Early Sunday afternoon. Picked up Carol’s humorous Valentine cards and some Cadbury candies to go with them. She wants to go for a walk, so why not go, boy, you have your faults and one of them is downright physical laziness. At least you didn’t grumble when she suggested it.
It is in the fifties, a very pleasant day. I haven’t even had lunch yet.
You didn’t eat breakfast until after nine. The cat just climbed off the staircase onto your right shoulder and across to lay her front paws and head on your left shoulder and arm. Leaned her body up slightly to let you know she wanted a belly rub, (and swatted your right ear with her upright tail) which you gave her. Carol said she would be ready to walk after finishing an article in the paper. Later, dude. – Amorella.
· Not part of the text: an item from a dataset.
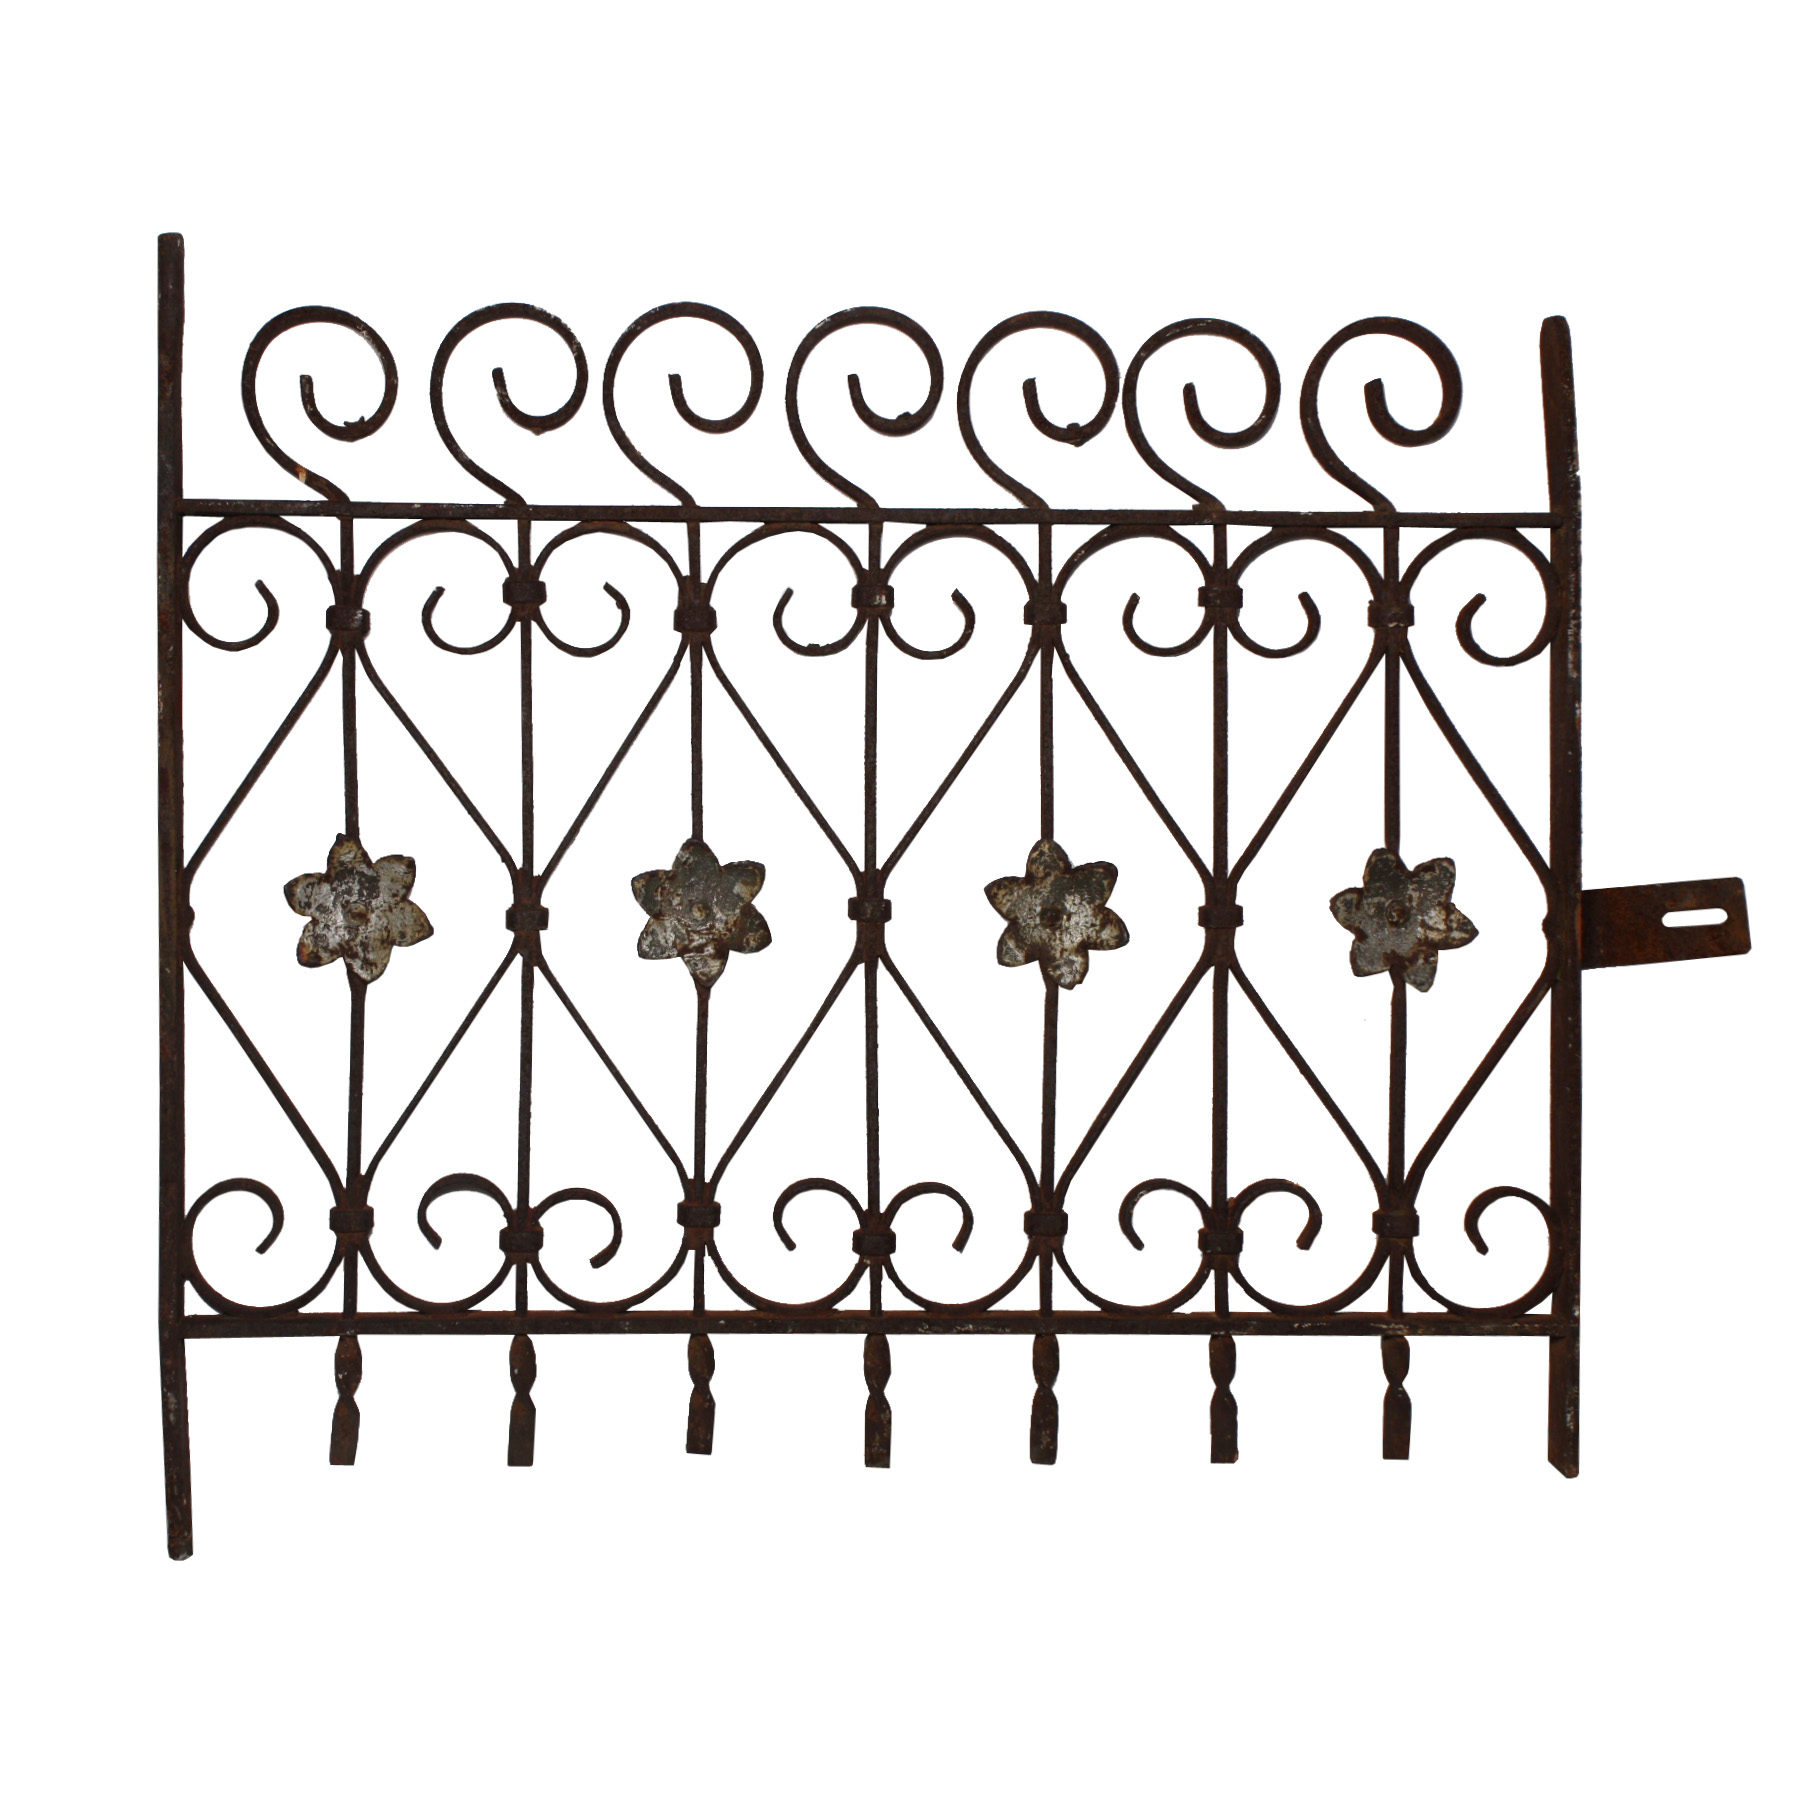 Lovely Antique Wrought Iron Window Gate, c. 1890's, NWNG35-RW For Sale ...

Moving on twenty-two hundred hours. You spent a little time prepping for scene four as you recovered thoughts, etc. you were going to use, that were waylaid in the transfer to the Air, plus you eight gig flash drive physically broke down and you spent time recovering what was on the drive and putting it on you large external hard drive. Another problem: your old forty gig external drive needs a firewire port so you will have to buy an adapter to use it on this machine.
Earlier, you did take your walk in Rose Hill Cemetery fitting a pace for one half mile at a time. Your favorite sitting (resting) place is a bench at which you can see the headstone of one of your former Mason students who died far too young. Miss G. provides a reflection, a conscious connection you sorely need from time to time.
I would like to imagine Katie Girton is the only one, but from what I remember more than ten of my former students are dead. One still owes me a paper on Milton’s Paradise Lost. It was at least a week late when he lost his life.
You remember telling him that he might not pass [the course] if he did not turn in the paper. You feel bad because he passed anyway. You gave him a passing grade. I am mentioning this because you will not because you do not remember, though to you it was something like this. Too many details to remember but not too little to forget. – Amorella.
It might be partly fiction, Amorella. Cancer, auto accidents, infections, suicides, I cannot remember what else. It is/was all sad. The deaths are not a fiction. A few flash through my mind, the circumstances, the surprise and oncoming shock as many of these deaths were out of the blue, so to speak, completely unexpected – like seeing someone’s name in the obituary column in the paper and saying to yourself, “I just saw him last week.” No premonition, nothing that would make one suspect sheorhe would not exist on the next Sunday. A lifetime of teaching affords such recollections. Good people, people better than myself, and with far more potential. It all comes down to physics and bio-physics. Death comes with the territory, nothing more, nothing less.
This sets you in a despondent mood?
No. As long as one is alive, sheorhe moves in the world. One survives until one doesn’t. It is always sadder for one younger though. Somewhere inside the heart doesn’t completely forget.
There are good reasons for that, boy. The soul does not either, though the mind may wish to. That’s the reason I call the place of the Dead ‘HeavenOrHellBothOrNeither’. It is a more realistic description as far as the books are concerned. No escape from who one is, boy. The characters in books four and five better understand this in book six, and so will you if you ever complete them. All for tonight. – Amorella.